The US cybersecurity agency CISA on Friday warned of two RoundCube Webmail vulnerabilities being exploited in the wild.
Prevalent within government and enterprise networks, RoundCube Webmail is a popular target for hackers, who have been observed exploiting flaws in the email client within days of public disclosure.
This was the case in June last year with CVE-2025-49113 (CVSS score of 9.9), a post-authentication remote code execution (RCE) issue that was added to CISA’s Known Exploited Vulnerabilities (KEV) catalog on Friday.
The critical bug was introduced over a decade ago and impacts all RoundCube versions 1.1.0 through 1.6.10, allowing attackers to include a payload in the name of files to be uploaded, leading to data being injected in the current session.
The security defect was patched on June 1, 2025, and threat actors devised exploit code targeting it within days, claiming that credentials needed for successful exploitation could be brute forced.

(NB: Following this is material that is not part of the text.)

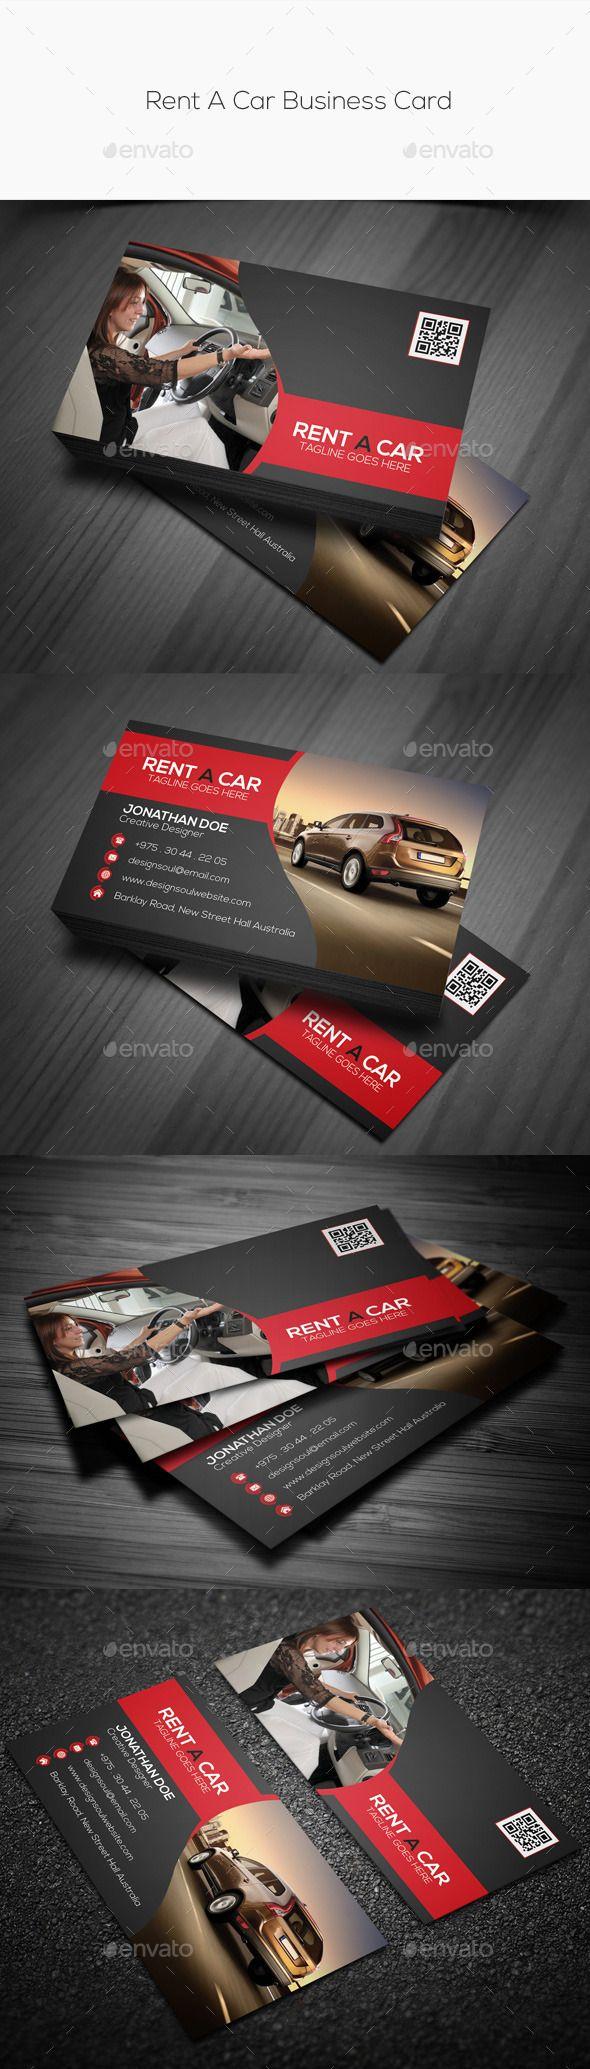 Car sticker design download - Rent A Car Business Card

On Friday, CISA warned that, in addition to CVE-2025-49113, threat actors have been exploiting CVE-2025-68461 (CVSS score of 7.2), a high-severity RoundCube vulnerability patched in December 2025.
The flaw, an XSS issue exploitable via the animate tag in an SVG document, was resolved in Webmail versions 1.6.12 and 1.5.12.
The vulnerable RoundCube releases did not properly sanitize malicious payloads that could be embedded in the animate tag, allowing attackers to execute code in the context of the victim’s browser session without user interaction.
CISA has urged federal agencies to patch both RoundCube vulnerabilities within three weeks, as mandated by Binding Operational Directive (BOD) 22-01.
All organizations are advised to review CISA’s KEV catalog and prioritize addressing the security defects it contains.